# Soucy Track



## Deerlope

I have been debating for a few months now wheather I want to put tracks on my RTV900 or buy a snowcat. Due the fact that we don't get real deep snow here I have decide to go for the Soucy tracks on an RTV. At best the deepest snow we get is 2ft on the flat. 
A company rep from Soucy Track which is in Quebec, Canada came here with an RTV 900 to let me try one out. I was totally impressed with the track preformance. I encountered every obstacle that I could think of (we don't have snow yet) and I could not stop it. Rocks, short tree stumps, water fordings, mud, and they just kept on trucking.
I had the opinion that if I were to have driven the RTV off a 100 foot cliff ,totally destroying it, that the tracks would still be intacted and operational. The total weigh of the tracks for an RTV 900 is 1050 pounds. Take a look for yourself at www.soucy-track.com. These track carriages are all steel.


----------



## Melensdad

Soucy is pretty well known in the trail grooming industry for heavy duty tractor conversions.  There are two or three companies that make some similar units.  One of our members (PIXIE) has some tracks on her little quad runner unit, you may want to do a search under her user name.  She has posted photos and discussed her tracks.  I can't remember the brand she uses, I know it is not Matracks, and don't think it is Soucy.


----------



## bczoom

Interesting.

How did the RTV react to the added (1000#+)?  _BTW, that's a lot of weight_
What would you say is the top-end?  How's the torque, hill climbing...  Does the RTV have the power to push these tracks and still act respectable?

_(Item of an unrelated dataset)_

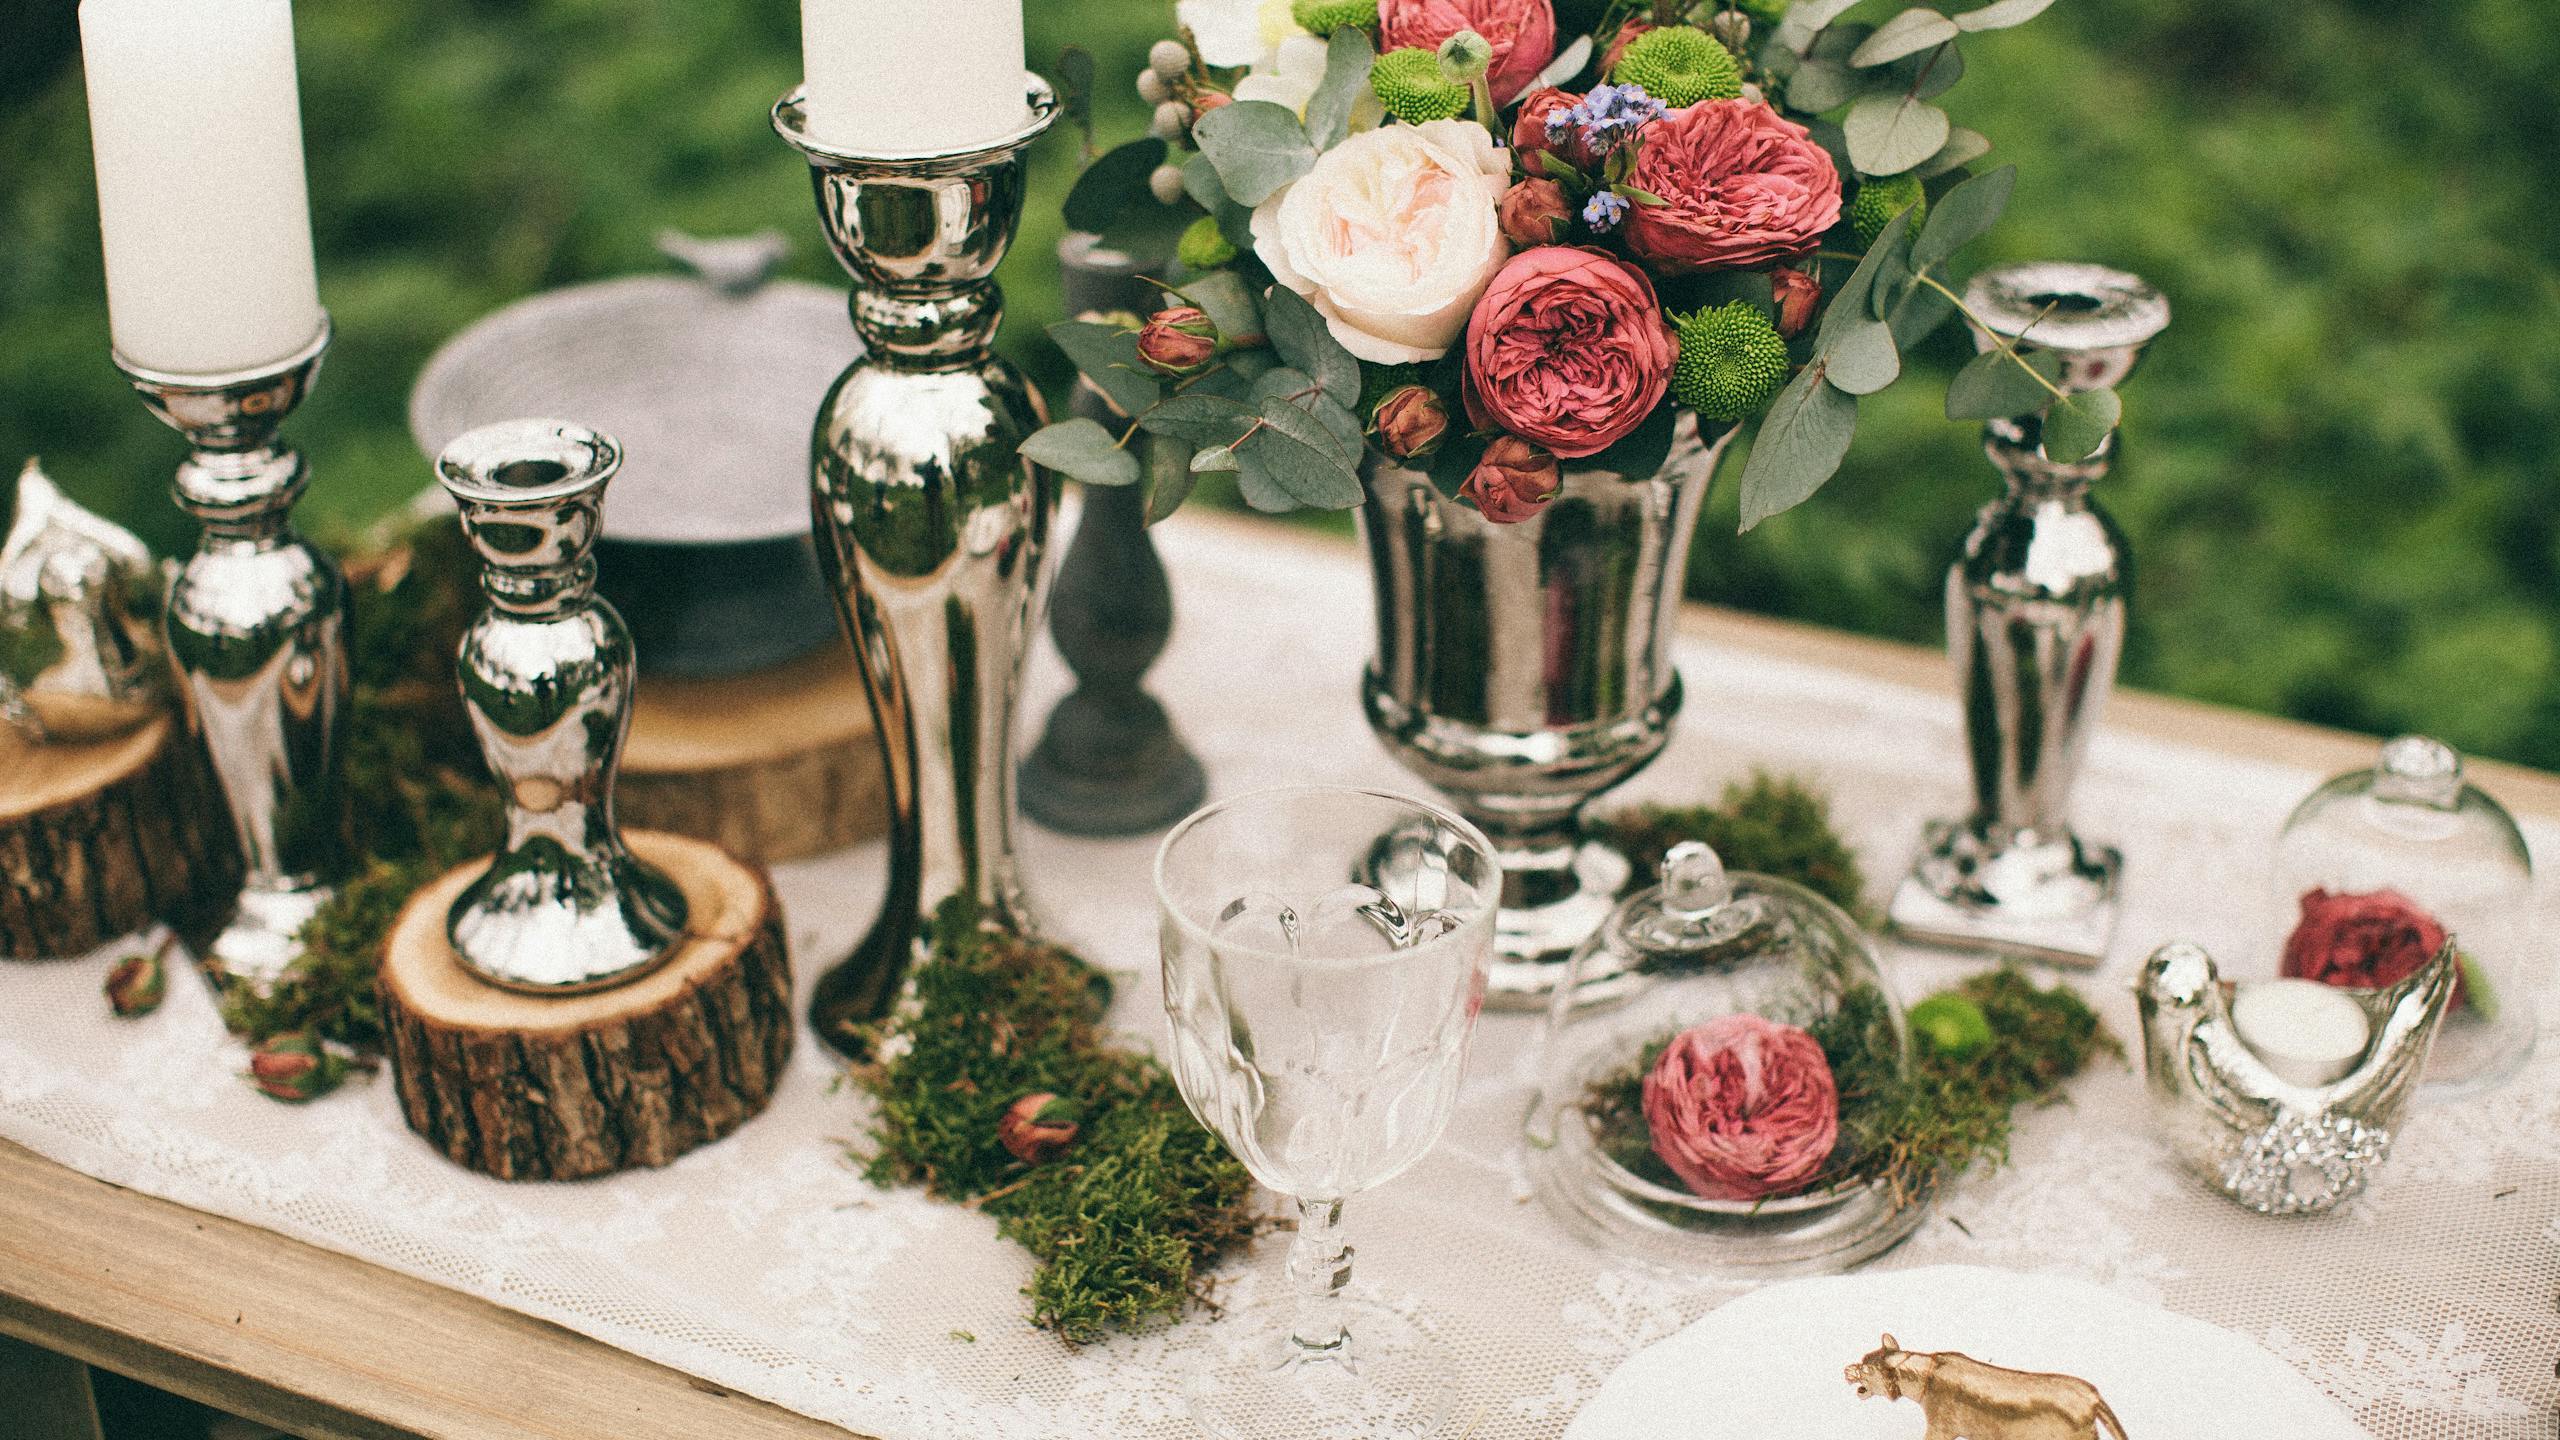 Table de banquet dans la nature avec une décoration bucolique

Have you had an opportunity to try the Mattracks?  Can you tell us about what you found in your comparison?


----------



## Deerlope

I have not tried Mattracks. I do know that they are alu frame and half the weight. The hill climbing ability was great because with the track you go from a 25" dia tire to a drive sprocket that is 12" so there is an increase in torque. Top speed is reduced by 30%. The added weight was no problem.


----------



## Deerlope

From the info that I found in the "PIXI" search it looked like she had Camoplast tracks on a Honda, and they are also made by Soucy.


----------



## bczoom

Thanks for the info Fred.

I re-read your posts in this thread.  What I didn't see was that you bought a set.  Did you get them or still thinking about a snow trac or want to look at Mattracks or ???


----------



## Deerlope

I have not bought yet. Still waiting on my dealer to get me a price. If he don't get his butt in gear I will go elsewhere. The snowcats are nice but we don't have 10 or 20 feet of snow. For what I would be doing with a cat I would be spending a lot of time replacing broken grouser. The all rubber track will be good for me. But this is not to say that if a good cat came along that I would not buy one. There is always an empty stall in the barn.


----------